Exploit-Challenges is a free cyber range training tool. HackSys Extreme Vulnerable Driver (HEVD) is a free cyber range training tool. Compare features, ratings, integrations, and community reviews side by side to find the best cyber range training fit for your security stack.
Based on our analysis of available product data, here is our conclusion:
Security engineers and vulnerability researchers who need hands-on practice with real exploitation techniques should use Exploit-Challenges; it's the rare free resource that forces you to actually reverse-engineer and exploit ARM binaries rather than following scripted labs. With 938 GitHub stars and zero paywall, you get legitimate practice across multiple architectures without the corporate overhead of commercial cyber ranges. Skip this if your team needs managed infrastructure, progress tracking, or compliance-aligned reporting; Exploit-Challenges is purely a practice ground for developers who already know what they're hunting for.

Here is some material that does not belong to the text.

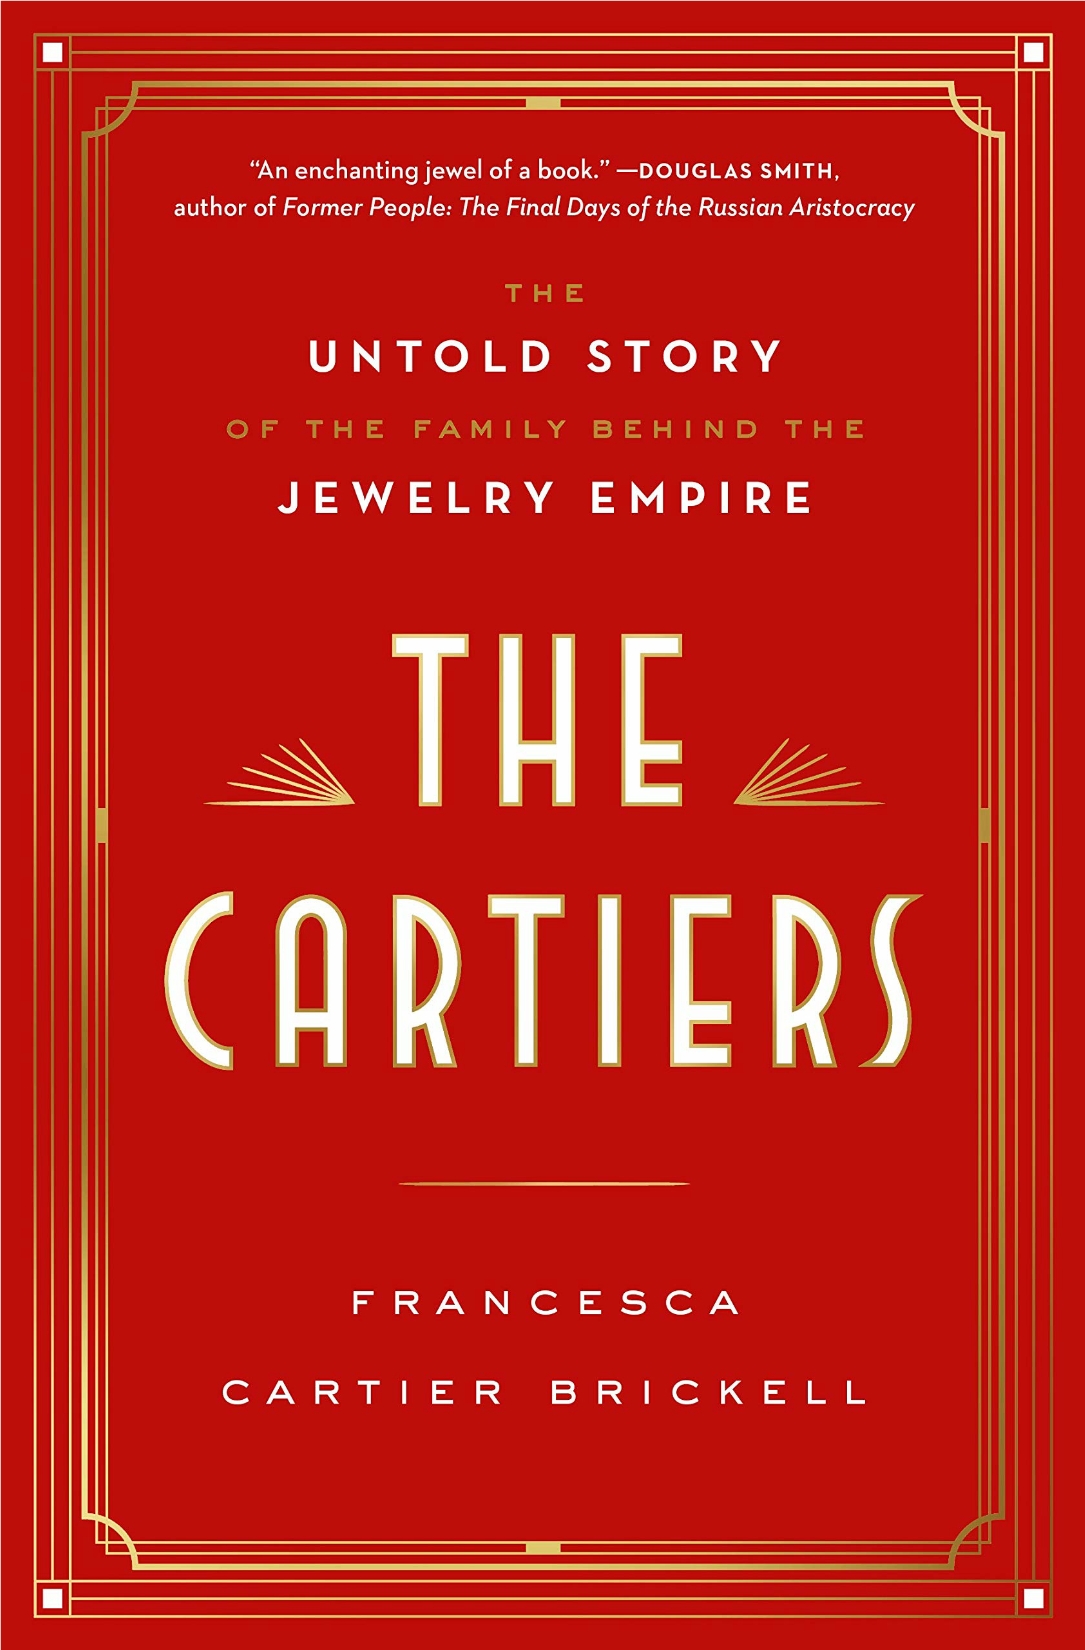 Books2 - The Cartiers

HackSys Extreme Vulnerable Driver (HEVD)
Kernel security researchers and red teamers building Windows exploitation skills need HackSys Extreme Vulnerable Driver; it's free and has 2,966 GitHub stars because it deliberately packs multiple vulnerability classes into a single driver, letting you practice the full exploit chain without hunting through real-world code. The tool isolates kernel vulnerabilities at teaching scale, so you're not reverse-engineering obfuscated production drivers or waiting for lab access. Skip this if your team needs a sandbox for zero-day triage or incident response simulation; HEVD is purely an offensive learning tool, not a defensive testing platform.
A collection of vulnerable ARM binaries designed for educational exploit development and vulnerability research practice across different architectures and exploitation techniques.
A Windows kernel driver intentionally designed with various vulnerabilities to help security researchers practice kernel exploitation techniques.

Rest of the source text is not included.